Under the plan, import duties on a limited number of cars priced above 15,000 euros are set to be reduced to 40% from the current levels that go as high as 110%. Over time, these duties could be lowered further to 10%, the sources said.

The decision is expected to benefit European automakers including Volkswagen, Renault and Stellantis, along with luxury manufacturers Mercedes-Benz and BMW, which have long raised concerns over high import taxes in India.

Trade pact announcement expected soon

India and the European Union are expected to announce the conclusion of negotiations for the long-pending free trade agreement as early as Tuesday.
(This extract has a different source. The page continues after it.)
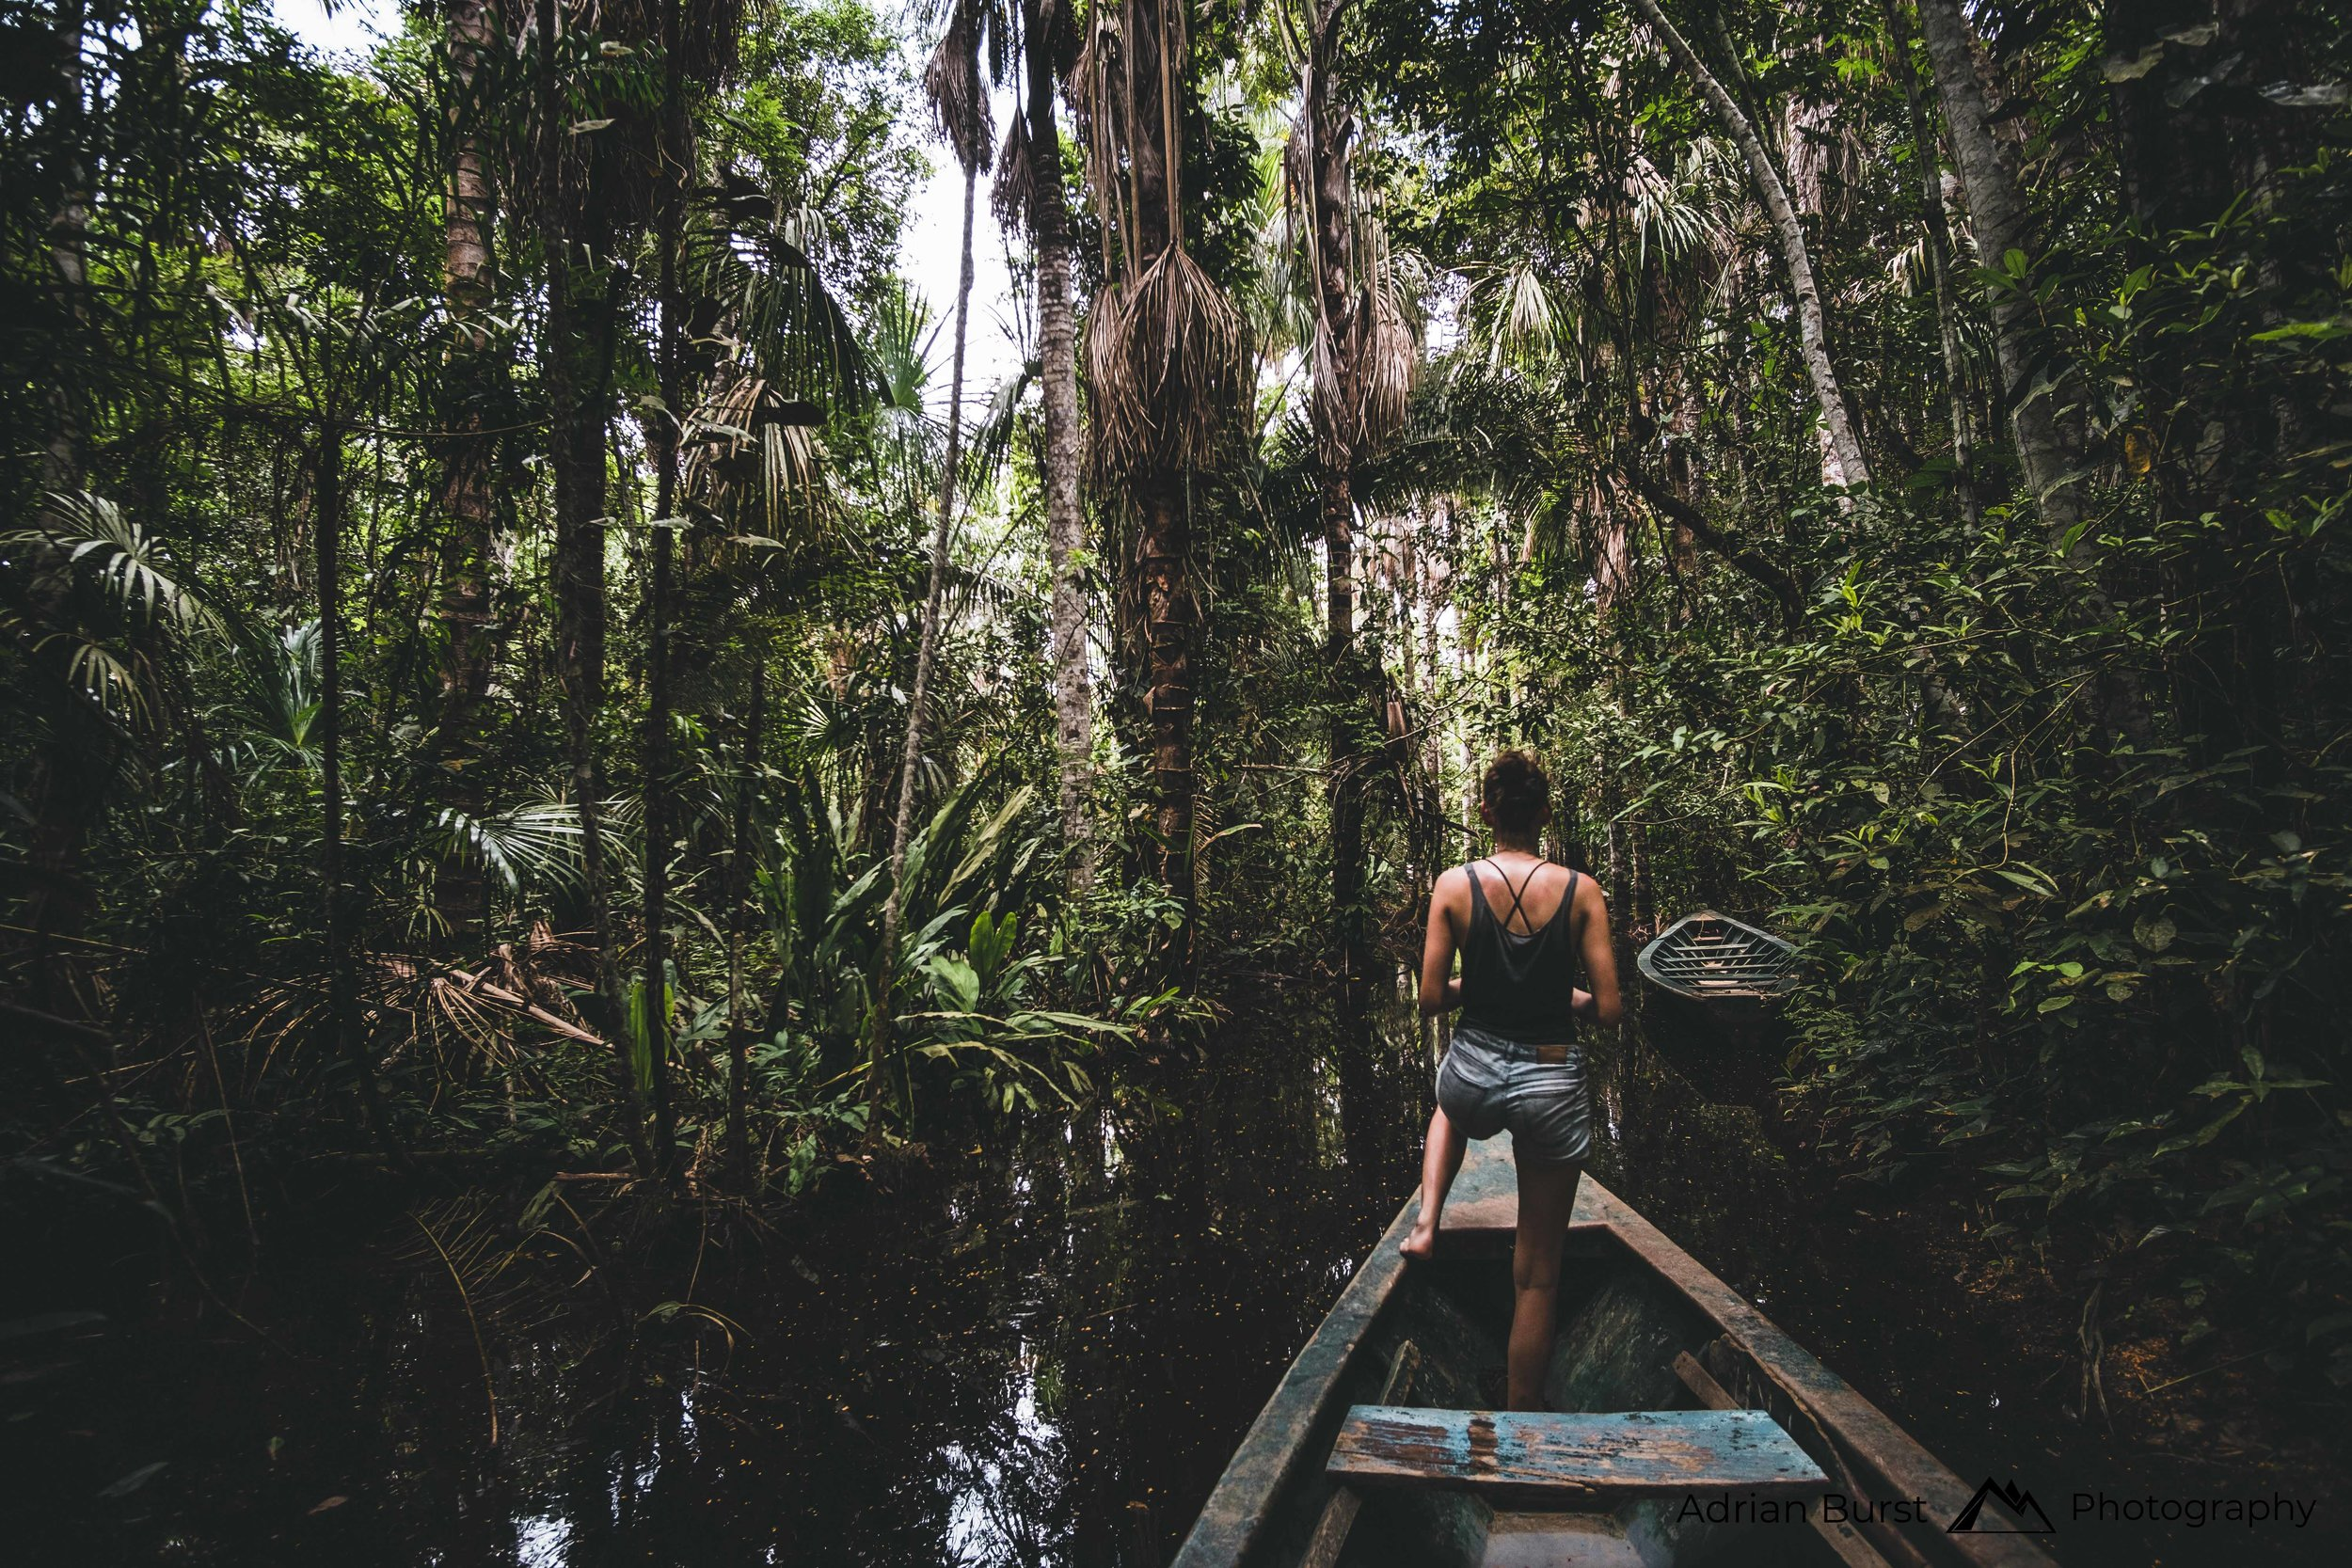 173 | Lake Sandoval, Tambopata national reserve

The pact has already been described by officials as a landmark deal, with final details to be worked out and ratified subsequently.

The agreement could significantly expand bilateral trade and provide relief to Indian exporters of products such as textiles and jewellery, which have been impacted by steep tariffs in recent months.

Limited quota, phased reduction

Sources indicated that India has proposed an immediate tariff cut for around 200,000 combustion-engine cars annually. While the quota could still see last-minute changes, it represents the most aggressive step yet by New Delhi to open up its auto sector.

Battery electric vehicles will not be included in the duty reductions for the first five years. This exemption is aimed at safeguarding investments made by domestic manufacturers such as Tata Motors and Mahindra & Mahindra in the developing EV segment. After the five-year period, EVs are expected to follow a similar tariff-cut path.

European brands see growth opportunity

India is currently the world’s third-largest car market after the United States and China, with annual sales of about 4.4 million units. However, European carmakers hold less than a 4% share of the market, which is dominated by Japanese and Indian manufacturers.

Lower import taxes could allow global brands to introduce a wider range of models at more competitive prices and assess consumer demand before committing to additional local manufacturing.

With the Indian car market projected to grow to 6 million units annually by 2030, several European automakers are already planning new investments, seeing India as a key growth destination beyond their traditional markets.